- **PROBLEM TO WORK ON**: An exact copy of all the data is required, with pictures left out.

- **SOURCE DATA**:
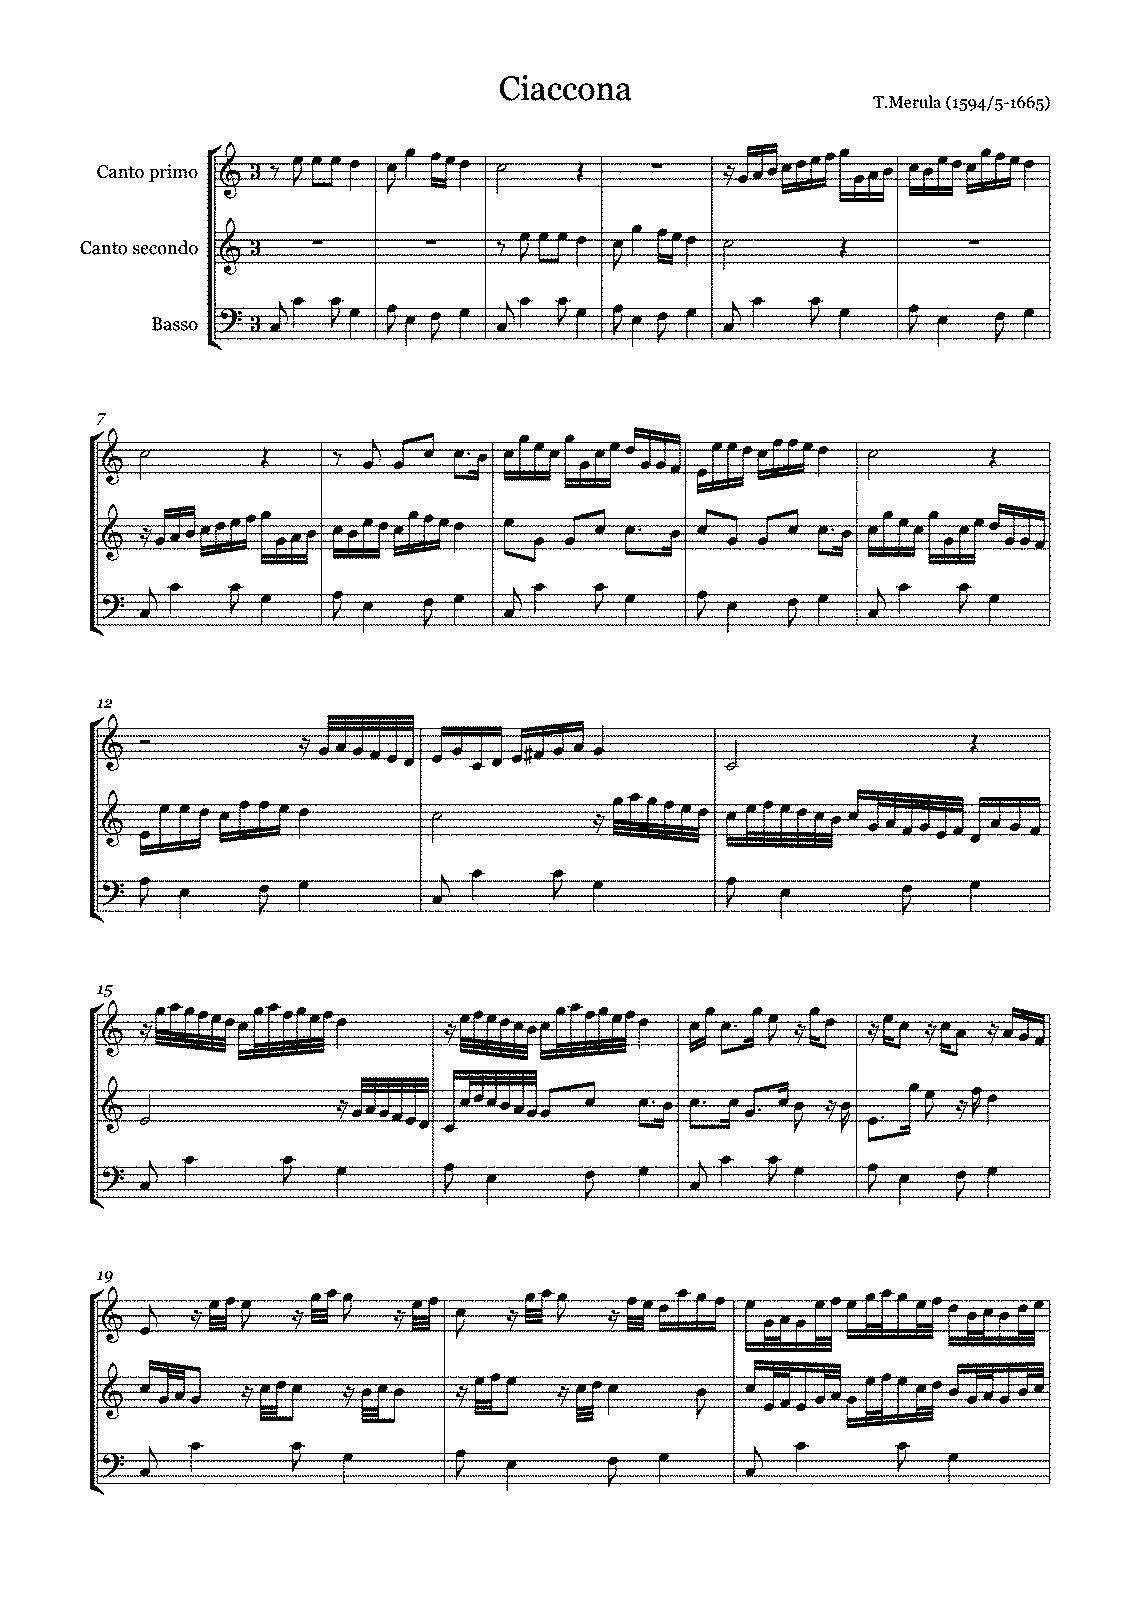 ciaccona op no merula tarquinio petrucci music  sheet music
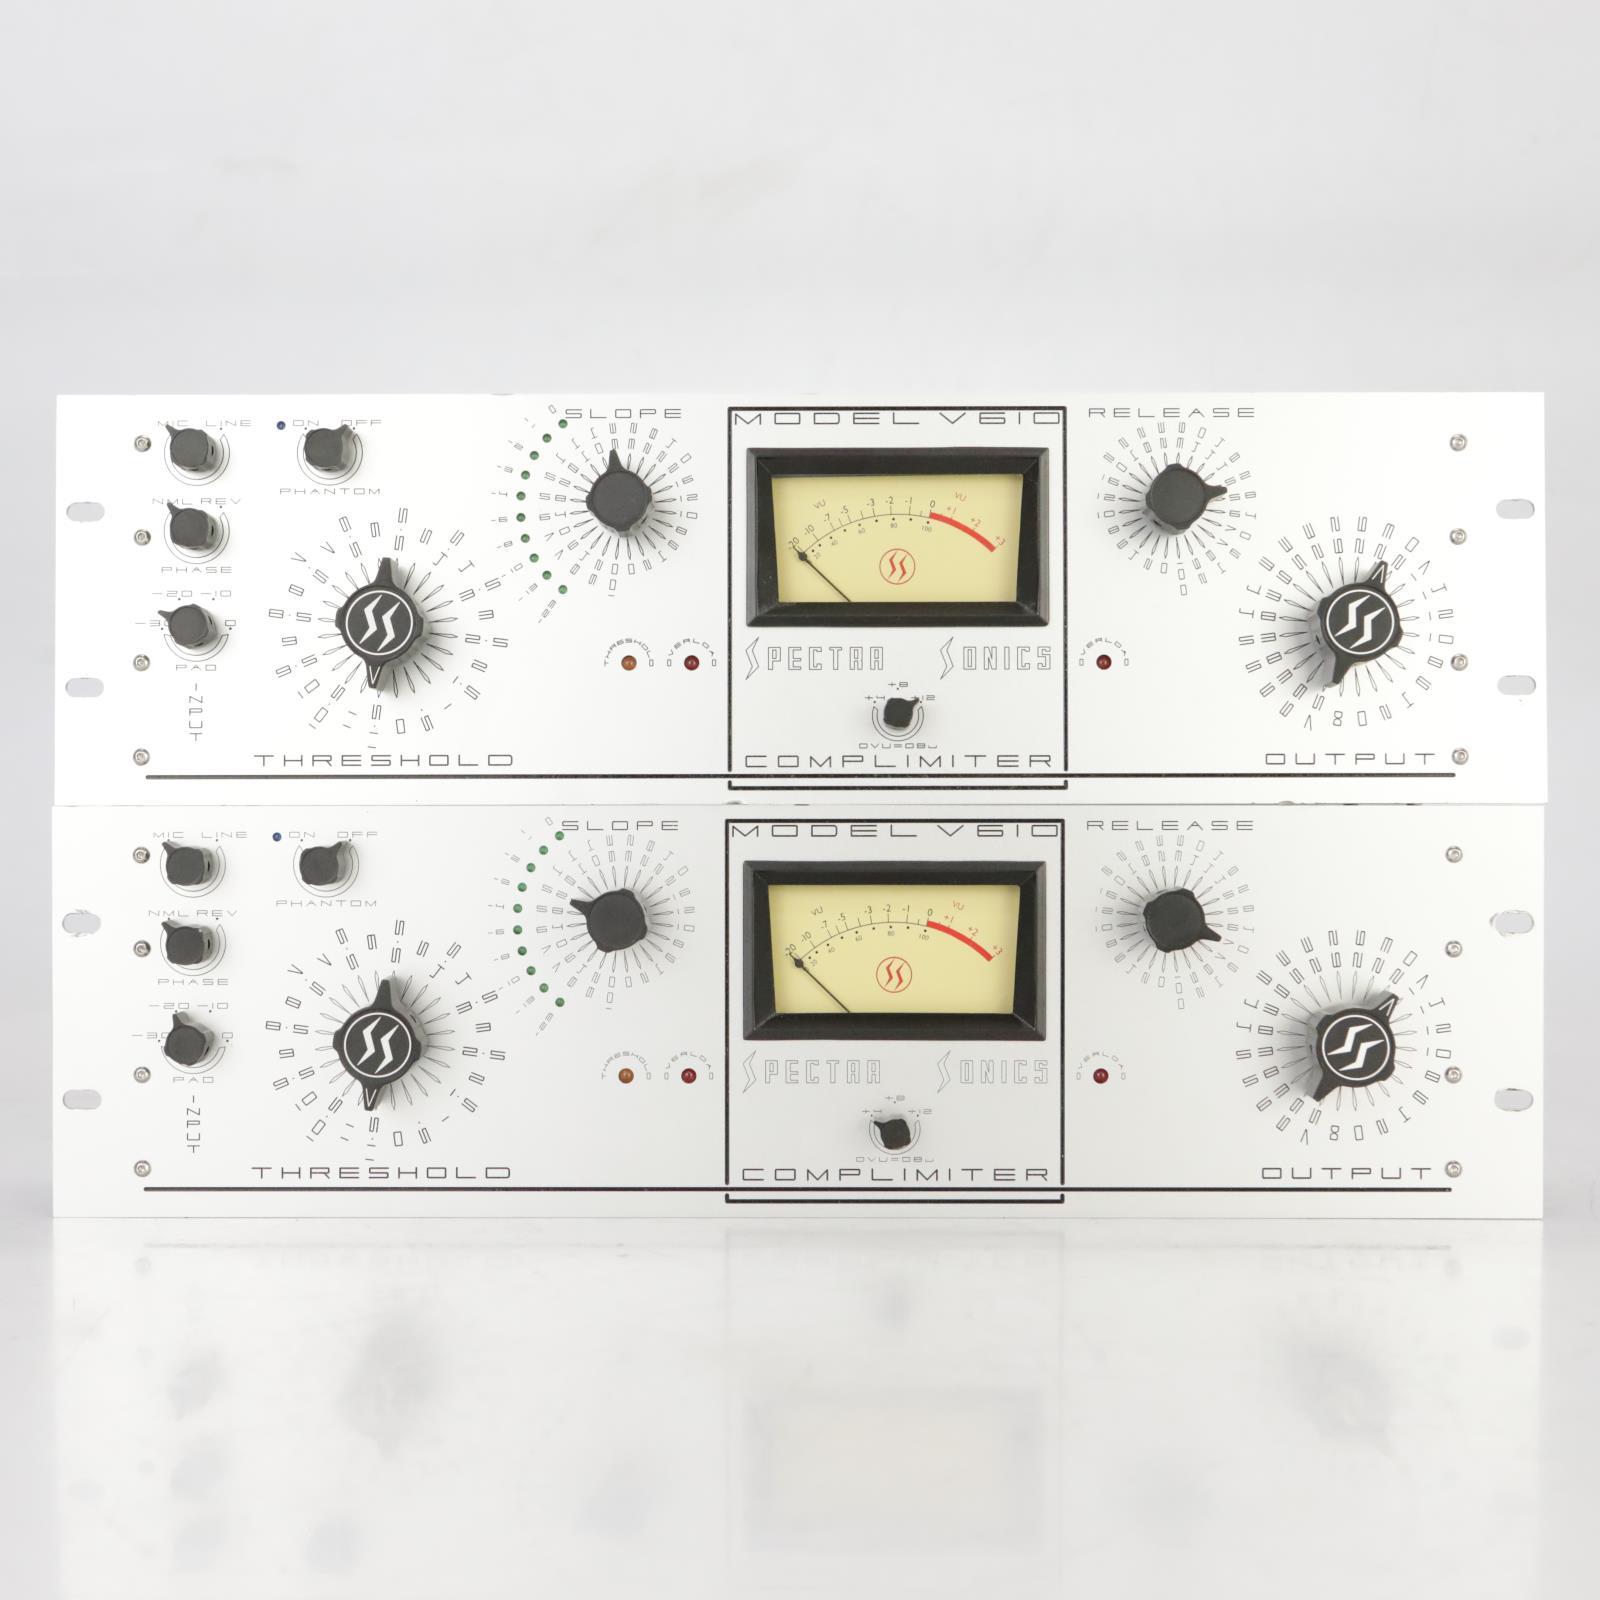 2 Spectra Sonics Complimiter Model V610 Compressor Limiter Pair #37862
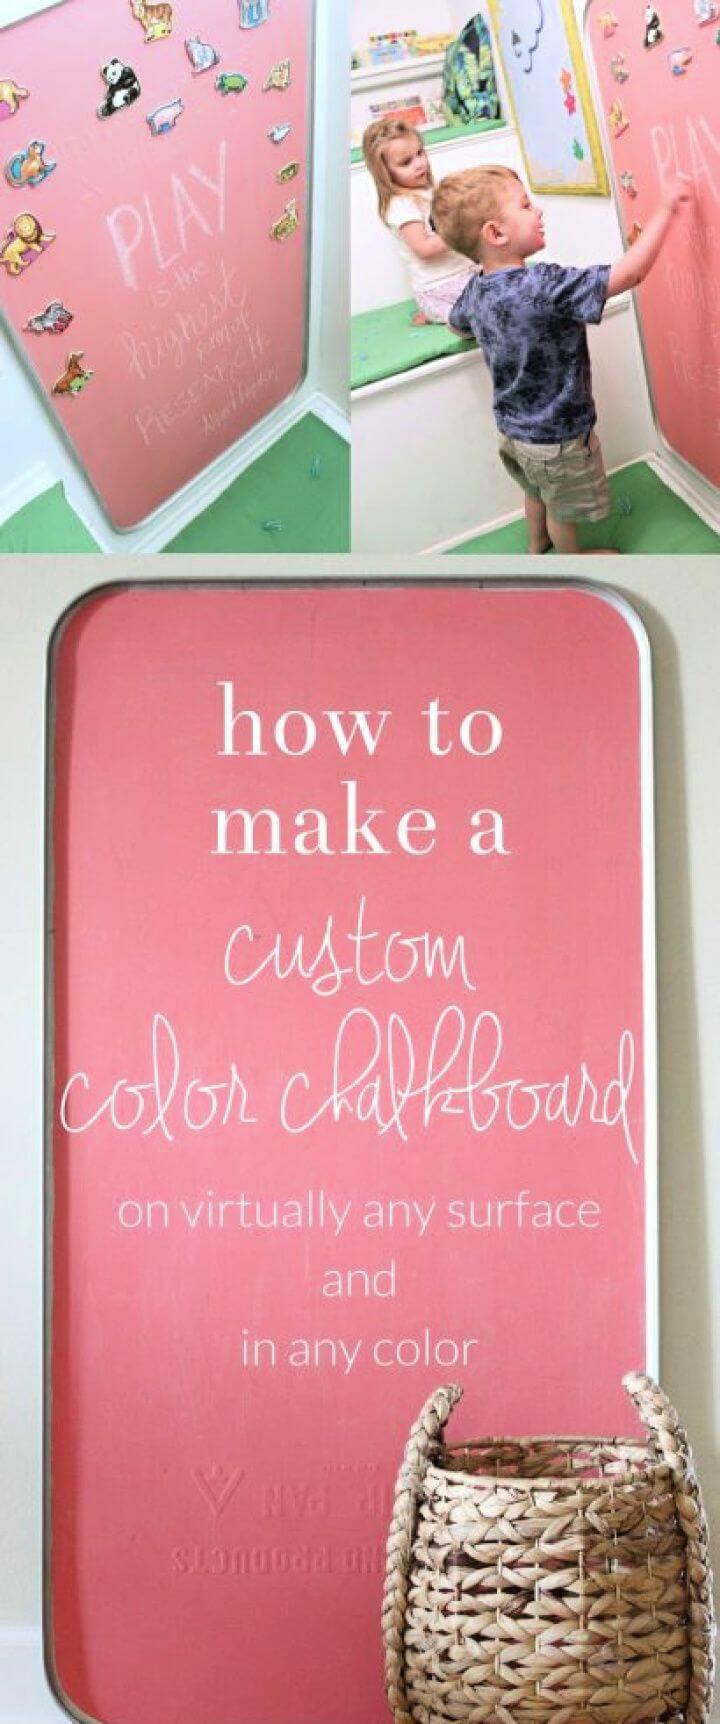 Making Custom Colored Chalkboard Paint

- **WRITTEN ANSWER**:
 ciaccona op no merula tarquinio petrucci music  sheet music
 2 Spectra Sonics Complimiter Model V610 Compressor Limiter Pair #37862
 Making Custom Colored Chalkboard Paint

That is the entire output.